Thank you all so much for any advice you might have! It's such a comfort to be able to come here and get advice from the experienced!
:wub:


----------



## cloey70 (Jan 6, 2008)

Yea, Mighty dog, is like doggy junk food. You should switch, and doing in a 10 day series. Canidae, Evo, CP Organix, Wellness, and California Natural are all really good for them. There are alot more, but can't list them all. I believe good dog food is only carried at high end dog boutiques, feed stores, and the vet. Google some of these and see store locators. Good luck, and I am sure others will post with wonderful suggestions.


----------



## KandiMaltese (Mar 27, 2007)

Mighty dog is not good food. I recommond Natural Balance. I feed it to all of my dogs. Even the picky ones love it


----------



## kathym (Aug 5, 2006)

WHEN YOU CHANGE THE FOOD DO A LITTLE AT A TIME NOT ALL AT ONCE.


----------



## precious paws (Jun 7, 2006)

QUOTE (kathym @ Jul 11 2008, 05:01 PM) index.php?act=findpost&pid=603824


> WHEN YOU CHANGE THE FOOD DO A LITTLE AT A TIME NOT ALL AT ONCE.[/B]


 :thumbsup:


----------



## Ladysmom (Oct 19, 2004)

The pet food you buy in the grocery store is garbage - literally. It's made with the waste from the human food industry.

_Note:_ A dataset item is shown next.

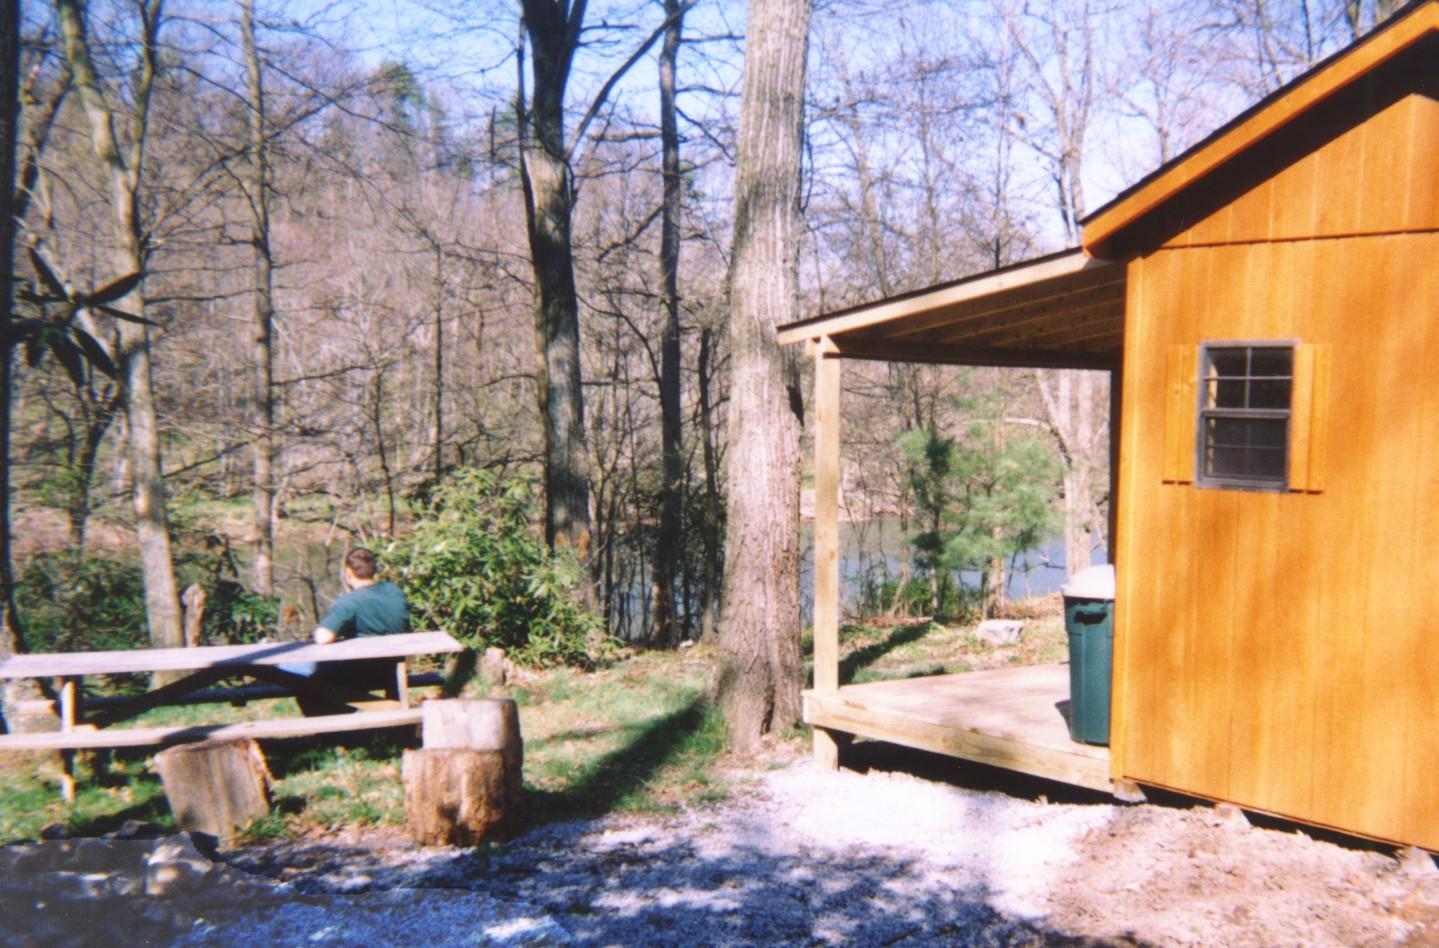 Woy Bridge Campground & Cabins

Everyone who owns a pet should read this article from the Animal Protection Institute:

http://www.api4animals.org/facts.php?p=359&more=1


----------



## preciouspups (Apr 13, 2008)

I started out feeding Tucker California Naturals, but he didn't eat it too well. We switched to Canadae and he seems to like it much better. He is happy at meal times now.


----------



## Nikki's Mom (Feb 13, 2008)

Wellness Puppy Food is a good brand.


----------



## CeeCee's Mom (Sep 14, 2006)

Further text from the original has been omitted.